Adjunct Professor of Law
Distinguished Scholar in Residence
Director, St. John's Institute for Bankruptcy Policy
Graduate, NYU School of Law
Professor Lieb directs the St. John’s Institute for
Bankruptcy Policy and serves as the Distinguished Scholar in
Residence for the LL.M. in Bankruptcy program. A leader in both
bankruptcy scholarship and in the bankruptcy practice, Professor
Lieb was a founding partner in 1958 of Kronish Lieb Weiner &
Hellman LLP (now Cooley LLP) in New York City and has been of
counsel to the firm since 2001. Professor Lieb is a Principal
Contributing Editor of Norton Bankruptcy Law and Practice 2d and
the Editor-in-Chief of two leading bankruptcy law journals, the
Annual Survey of Bankruptcy Law and the Journal of Bankruptcy Law
and Practice, both published by Thomson Reuters. For several years
he was a lecturer on Chapter 11 for the Legal Education Institute
conducted by the Executive Office for United States Attorneys of
the United States Department of Justice. He is a fellow of the
American College of Bankruptcy.
A graduate of New York University School of Law, where he served as
Editor-in-Chief of the Law Review, Professor Lieb has written
extensively on bankruptcy law issues. He has authored or
co-authored numerous amicus briefs in United States Supreme Court
bankruptcy cases for groups of amicus curiae law professors
including the case of United States Supreme Court in Tennessee v.

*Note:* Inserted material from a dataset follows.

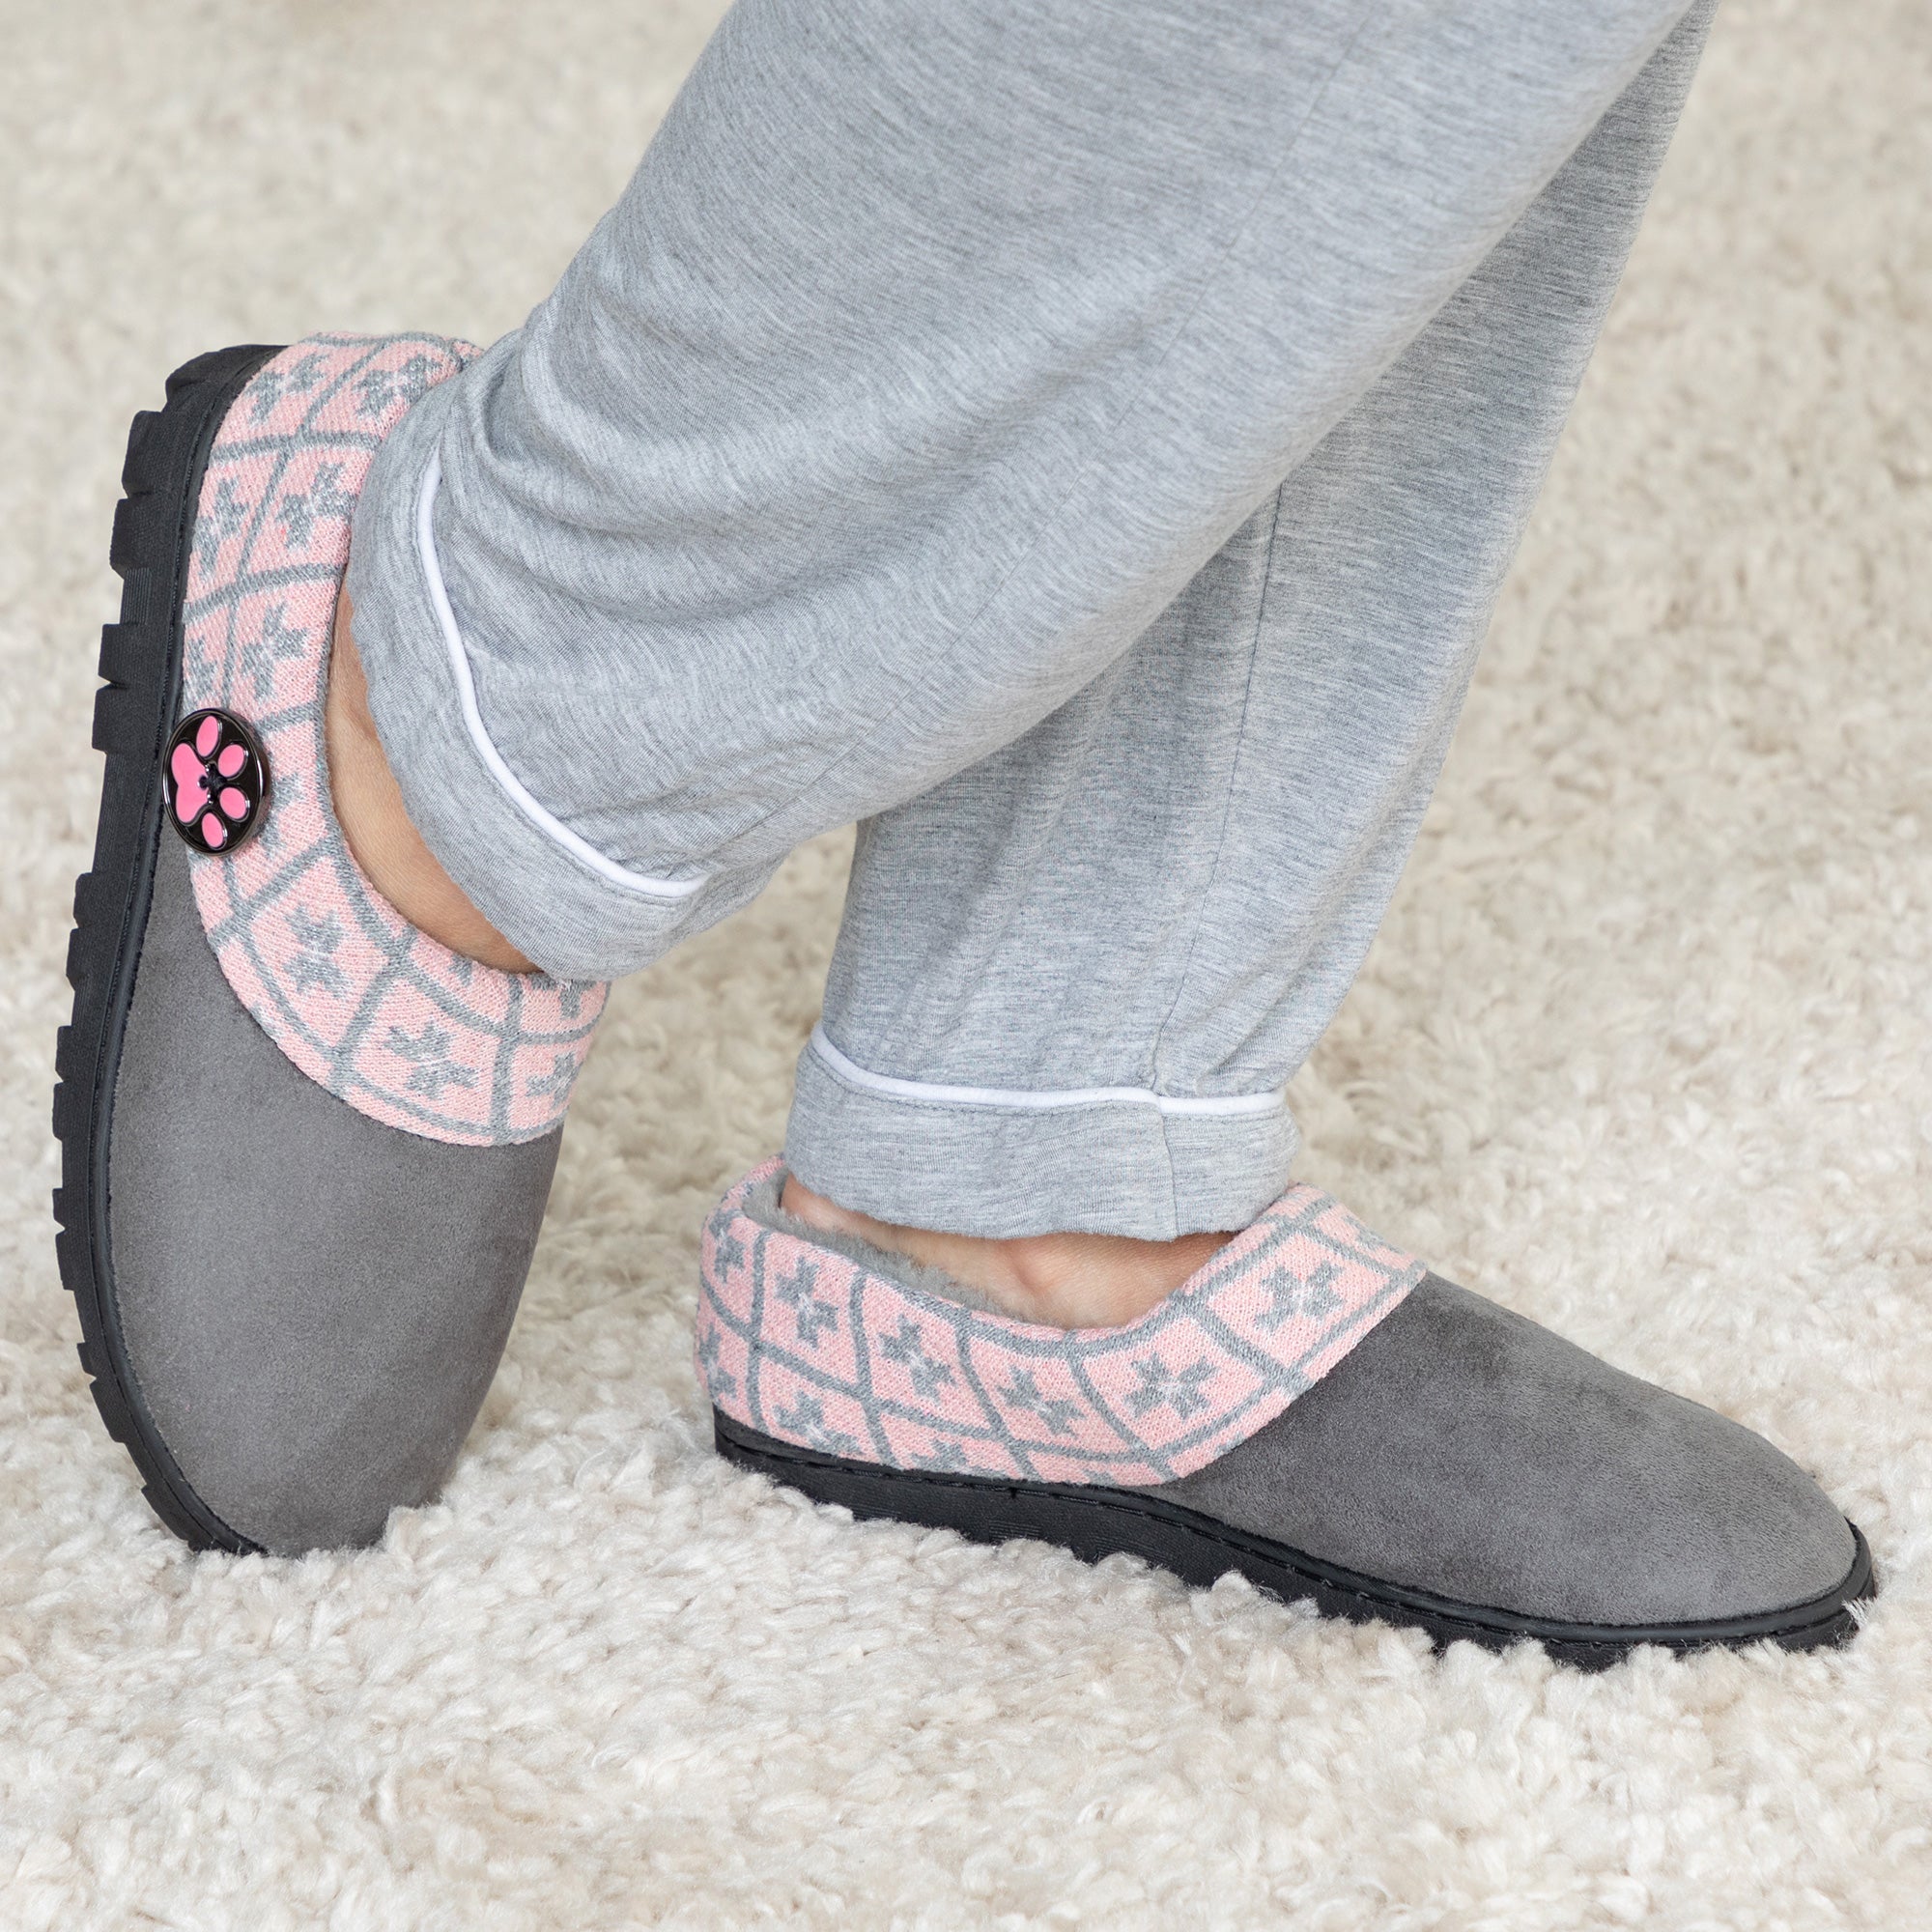 Purple Paw Women's Comfy Clog Slippers - Pink/Gray - 7

Hood, 124 S. Ct. 1905 (2004), where the Court adopted his theory in
holding that a discharge in bankruptcy of state-held claims is an
in rem adjudication that does not subject a state to coercive
judicial process and thus does not implicate the state’s immunity
from suit in a federal court under the Eleventh Amendment to the
United States Constitution.
Professor Lieb teaches Bankruptcy Theory; Development of Modern
Bankruptcy: The Innovators (with Professor Zinman); and the Amicus
Brief Writing Course. He also supervises each student’s writing of
a Masters thesis, which is the focus of the Advanced Bankruptcy
Research Seminar in the LL.M. in Bankruptcy Program.